Но юному Джесвалу сосватанная девушка с первого же взгляда стала избранницей его сердца: он влюбился в нее без памяти. Причем - взаимно. Их брак и в других отношениях был хорош: семья невесты отличалась не только родовитостью, но и влиятельностью в местном обществе и немалым достатком. Так что "дауэри", приданое от нее нашему приятелю, досталось весьма ощутимое. Словом - живи да радуйся!..
...Однако к исходу второго года семейной жизни Джесвал и его юная жена заметно помрачнели. Еще более мрачными стали оба их браминских клана. Причина сей мрачности была более чем серьезной: у молодоженов не появилось младенца. При всей их жаркой взаимной любви Амрита (так звали супругу Джесвала) никак не могла забеременеть... Такой случай в любой стране, хоть в России, хоть в Америке, радости не приносит ни молодоженам, ни их родным, а уж в Индии, где семья без детей вообще семьей не считается, это просто несчастье для всех. Более того, это обстоятельство считается в индийских судах первостепенной, если не единственной, причиной для расторжения брака а разводы в стране Ганди и Тагора до сих пор крайняя редкость... Весь третий год совместной жизни с женой Джесвал посвятил ее лечению. Амрита побывала у лучших врачей не только их штата, но и Бомбея и Дели. Даже два заезжих зарубежных светила гинекологии ее смотрели. Амриту отправляли ко всяким целебным и чудодейным источникам, она многие часы провела у священного камня в храме богини плодородия Лакшми - ничего не помогало... Молодые кидались за помощью и к прославленным знахарям своей страны, к народным целителям, которые чуть ли не столетним старухам возвращали дар детородия. Но даже и такие чародеи оставались бессильными перед бедой, постигшей юную супругу Джесвала.
И что с того, что всей округе было известно: и в роду Амриты не водилось бездетных женщин, и среди предков Джесвала по мужской линии не водилось таких, кто не стал бы отцом многочисленного потомства. Что с того?! Назревал жестокий приговор: бесплодие. Развод казался уже неизбежным...

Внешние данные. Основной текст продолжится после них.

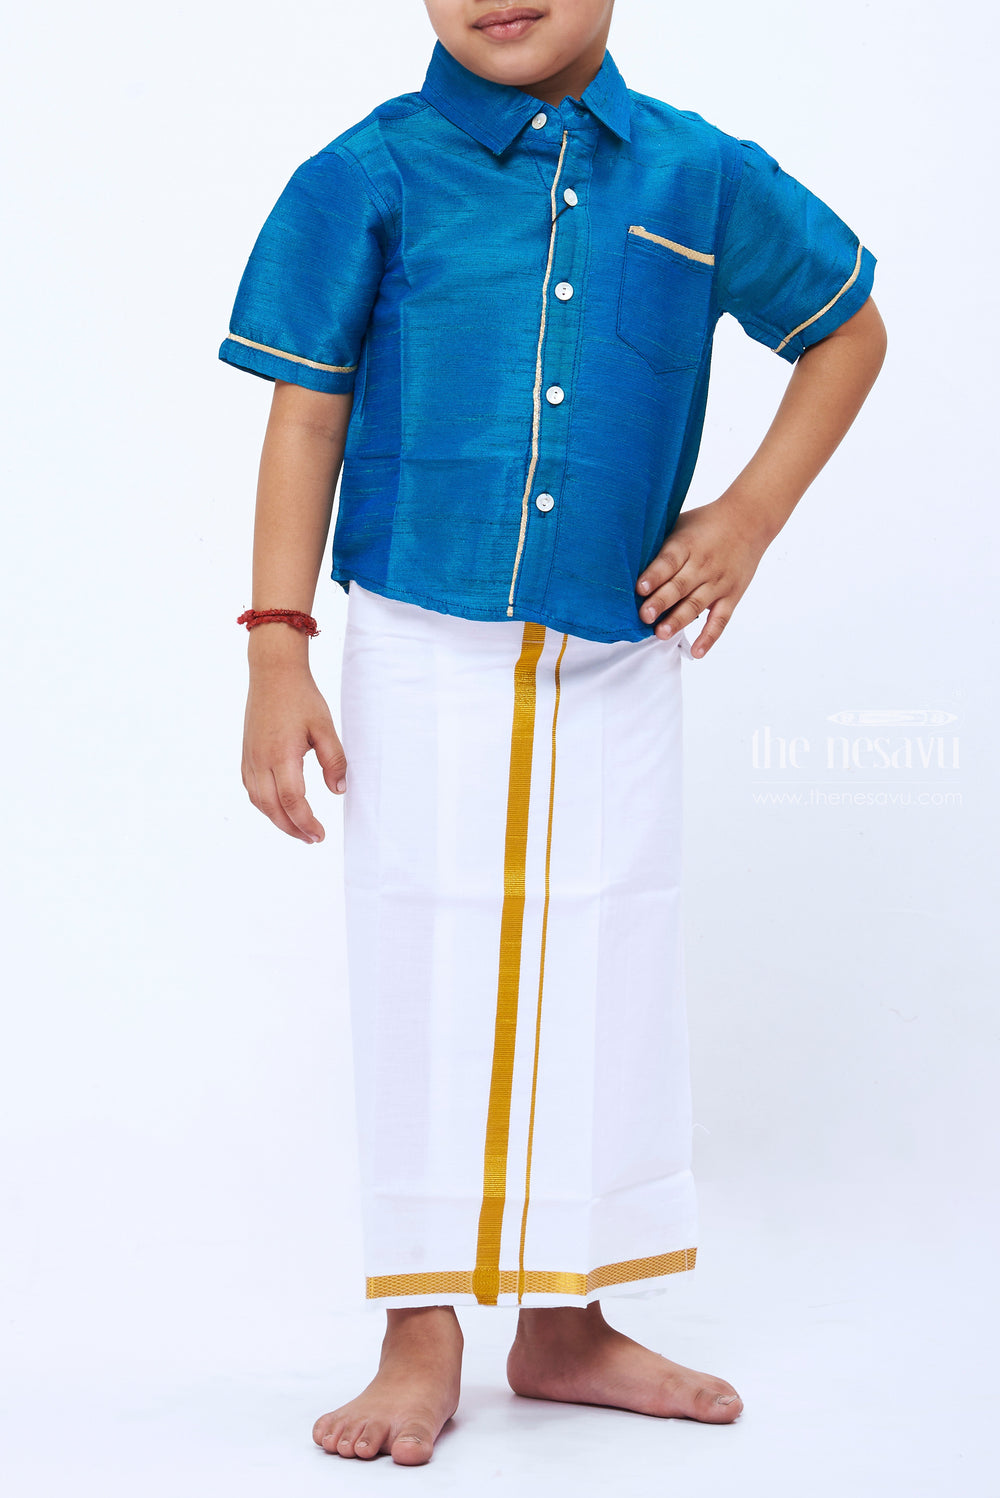 The Nesavu Boys Vesti Traditional Cotton Vesti for Boys Elegance in White and Gold Nesavu Boys White and Gold Traditional Vesti/Dothi | Ethnic Indian Clothing for Kids | The Nesavu

То был единственный год в жизни нашего приятеля, когда он почти не улыбался. При всем своем неистребимом жизнелюбии он начал впадать в черную тоску. Дело даже не в том было (это он нам рассказывал почему-то по-русски, допуская и не очень цензурные словечки), что расставание с Амритой представлялось ему страшнее смерти. Он знал: если его возлюбленная жена перестанет быть его женой, то и ей жизнь покажется страшнее смерти. Таковы до сих пор нравы на Индостане: женщина, которую оставил муж по причине ее бесплодия, живет как в пустыне, на нее смотрят хуже, чем на прокаженную. И даже в больших городах, где традиции соблюдаются не столь строго, даже в "европеизированной" среде таким женщинам приходится несладко. А уж в глубинных краях этой страны - тут слов нет... В былые, но еще не столь давние времена женщин с такой неладной участью могли даже и камнями забить... А меж тем родные Джесвала - в предвидении неизбежного развода уже стали подыскивать ему новую хозяйку его дома. И даже нашли! Но он и смотреть на нее не мог, убитый своим горем. "Я одно знал, - говорил он нам, - если мы с Амритой расстанемся, я жить не буду. Зачахну. Или сам уйду из жизни". И Джесвал решился на отчаянный шаг!
И к высшим религиозным пастырям своего штата, и к его высшим "мирским" властям Джесвал обратился с одной и той же просьбой. Он покорнейше просил их о милости - о том, чтобы ему было высочайше разрешено жениться второй раз, но не разводиться со своей первой женой.
Это прошение Джесвала прозвучало громом с ясного неба! Верховный брахман штата Мадхья-Прадеш был потрясен едва ли не меньше, чем первый министр этой провинции. На несколько дней Джесвал с Амритой, а также их родители стали героями не только местных, но и столичных газет. С такими прошениями к властям еще ни один муж бесплодной жены в Индии не обращался. Речь идет, конечно, об индуистах, не о мусульманах. Но если даже когда-то подобное и случалось, то разрешения на "двойной брак" ни один проситель не получал...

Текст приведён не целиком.